Repeat the listing exactly. Do not carry over any pictures.

═════ RAW DATA ═════

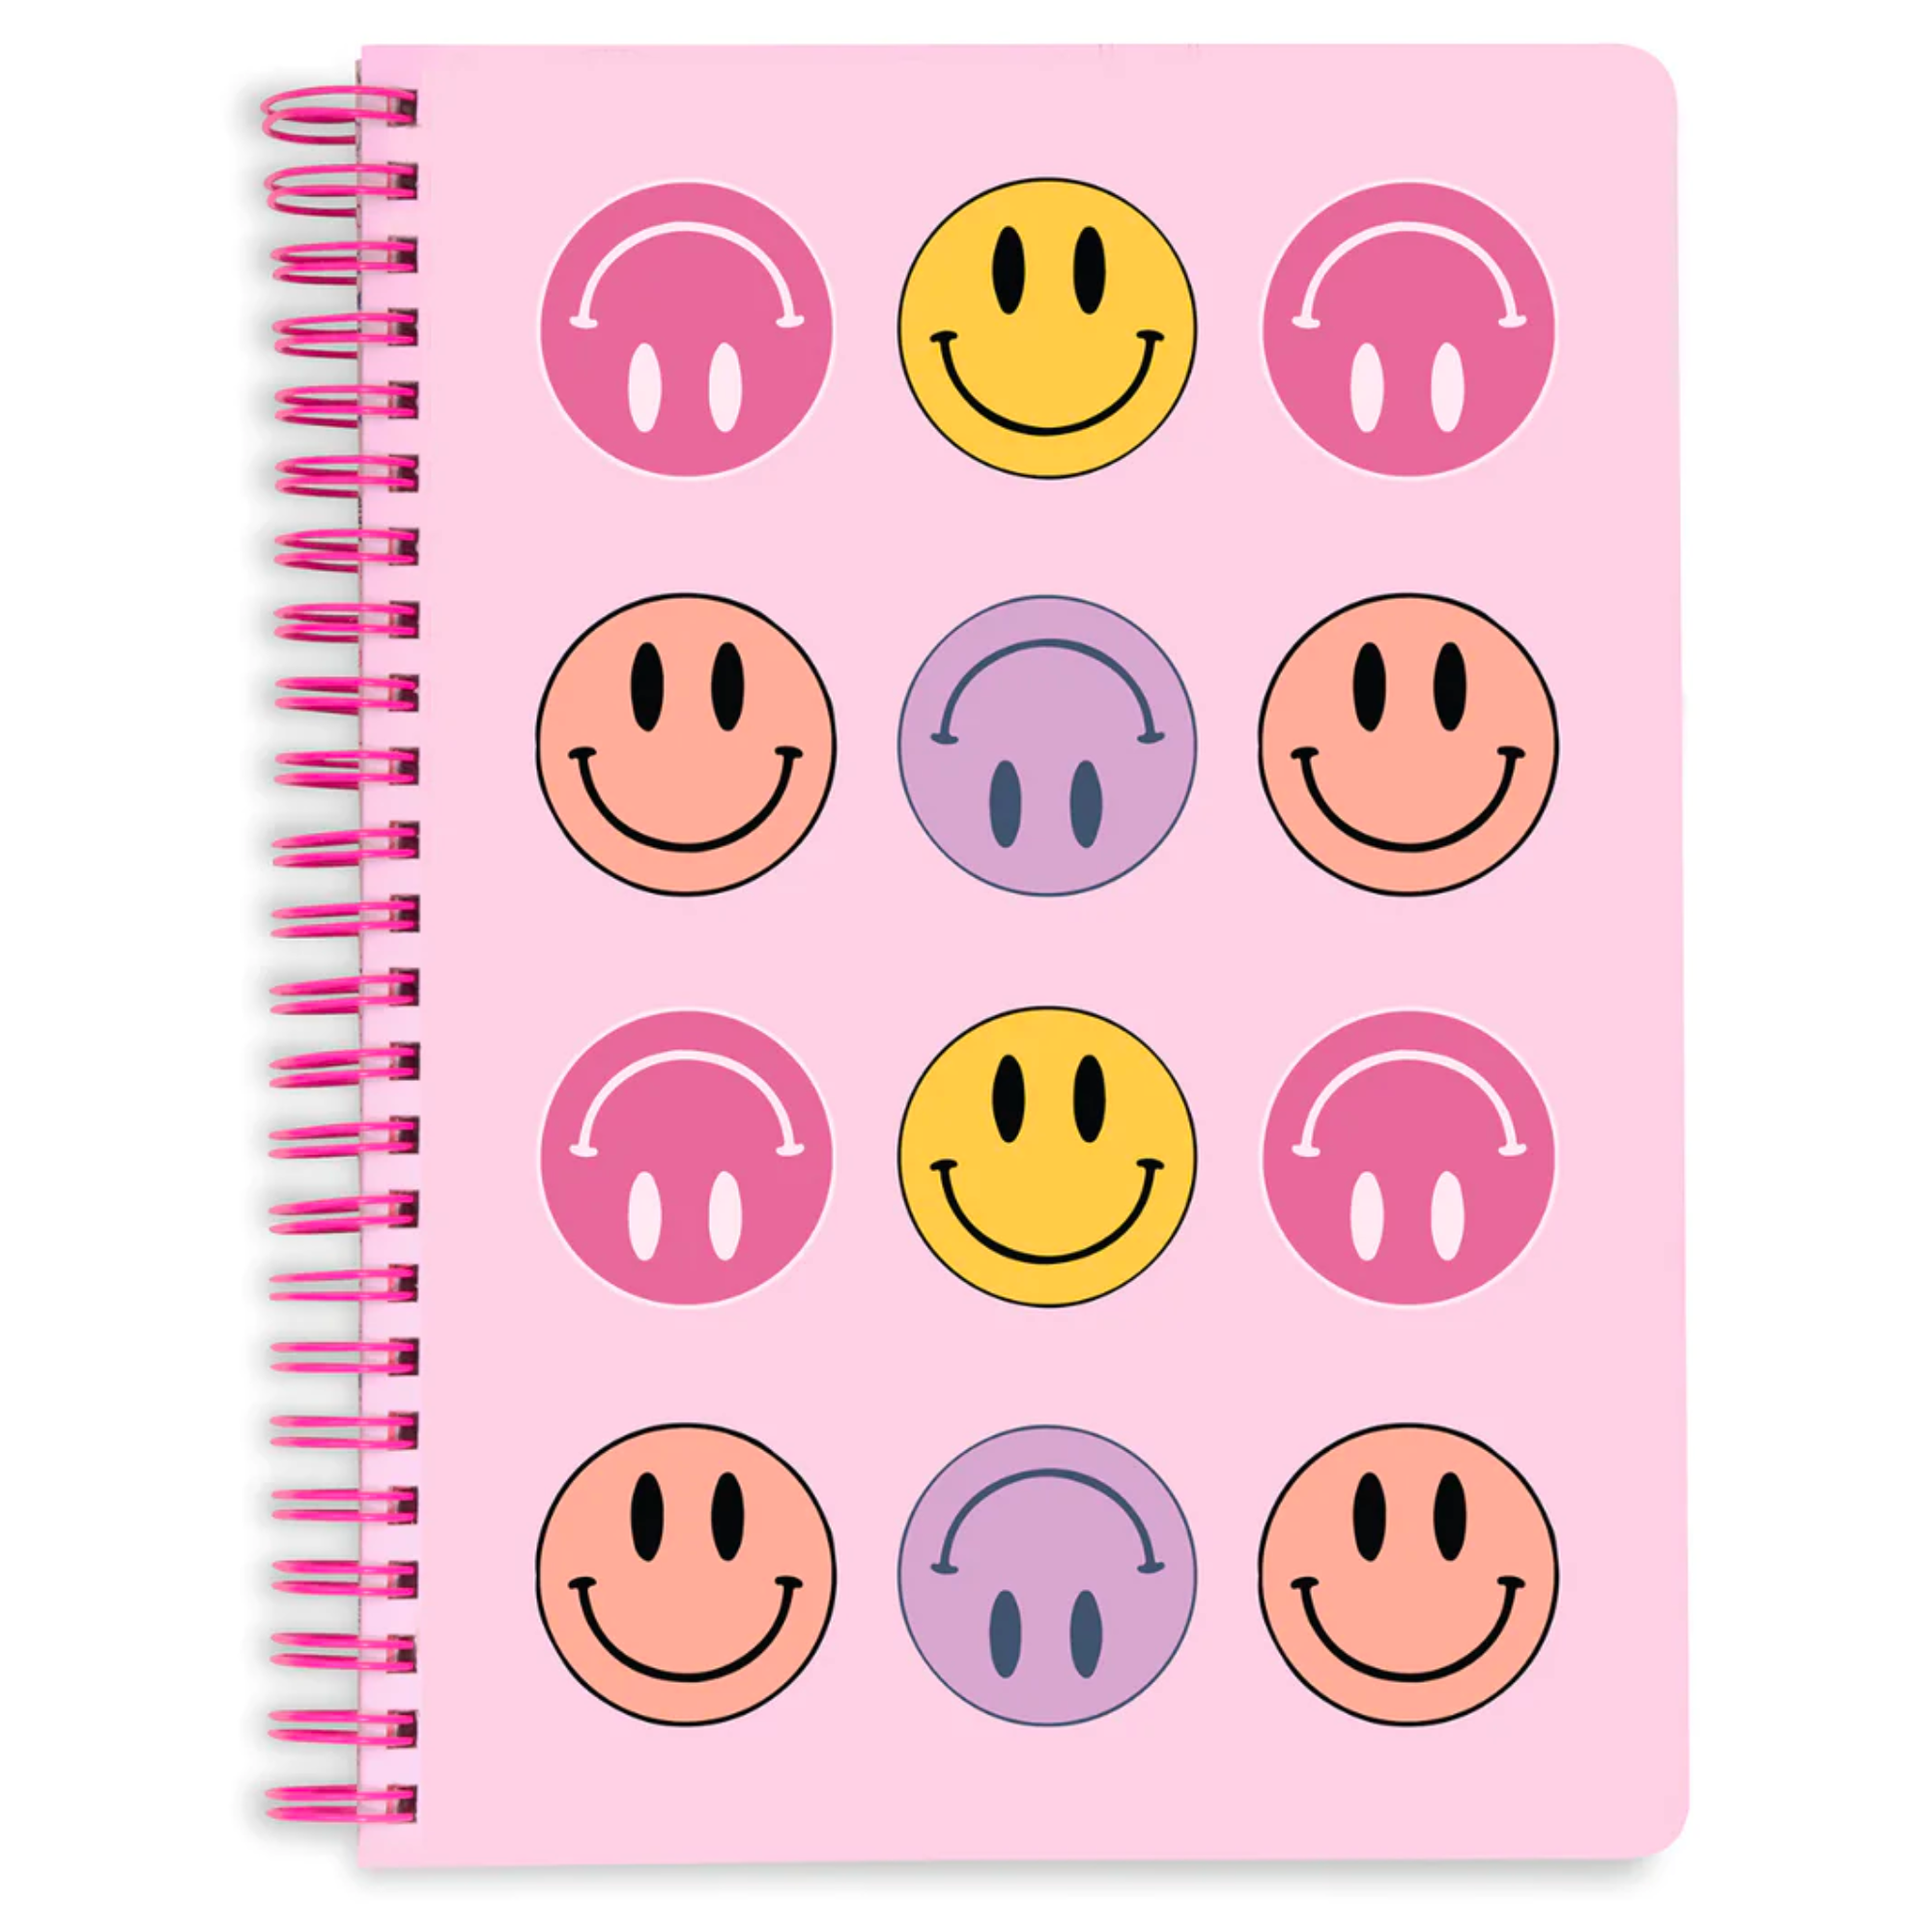 Mini Notebook, Pink Stacked Smiley
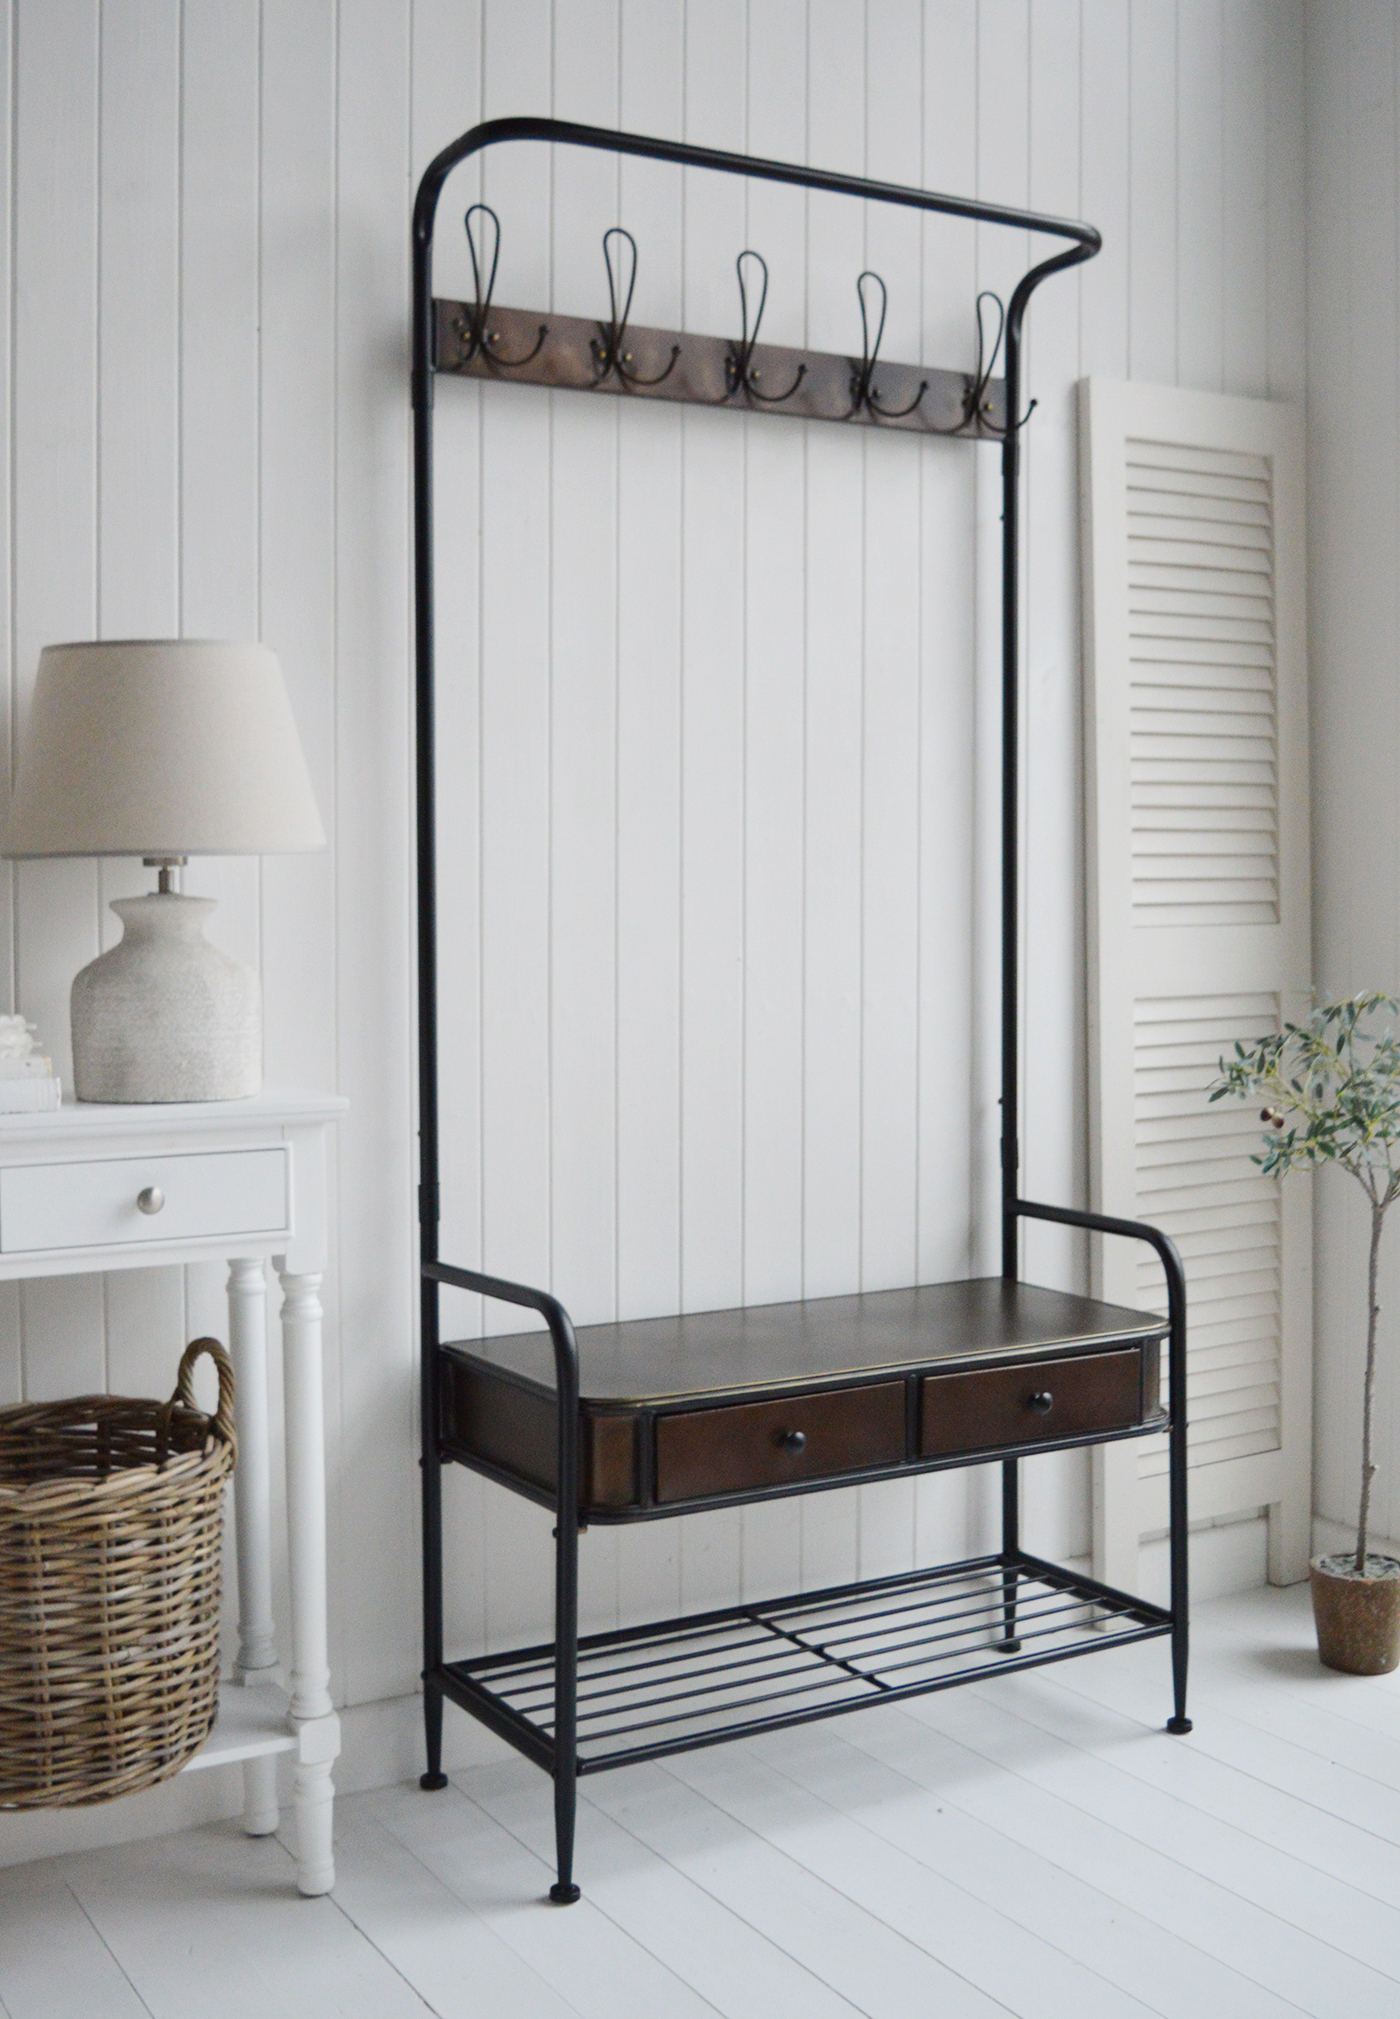 Windsor Hallway Stand - Bench Seat, shelf and Coat Rack for complete Hall Entry Way in antiqued black metal for modern farmhouse, coastal and country New England Interiors . Photo from the side to show the complet size
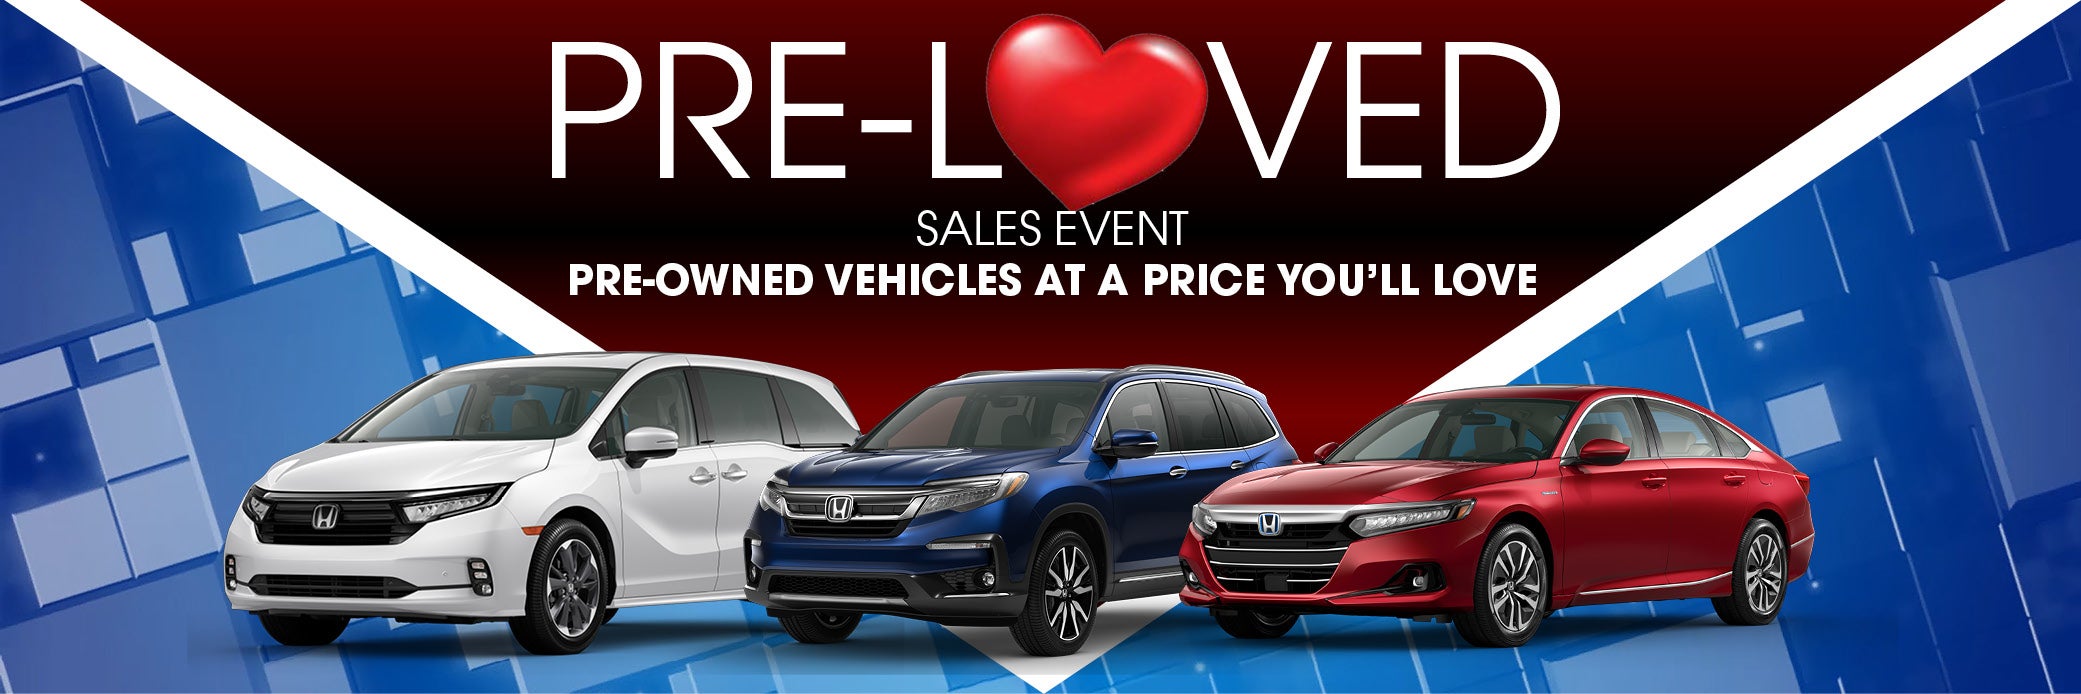 Pre-Loved Sales Event

═════

** YOUR SOLUTION **
 Mini Notebook, Pink Stacked Smiley
 Windsor Hallway Stand - Bench Seat, shelf and Coat Rack for complete Hall Entry Way in antiqued black metal for modern farmhouse, coastal and country New England Interiors . Photo from the side to show the complet size
 Pre-Loved Sales Event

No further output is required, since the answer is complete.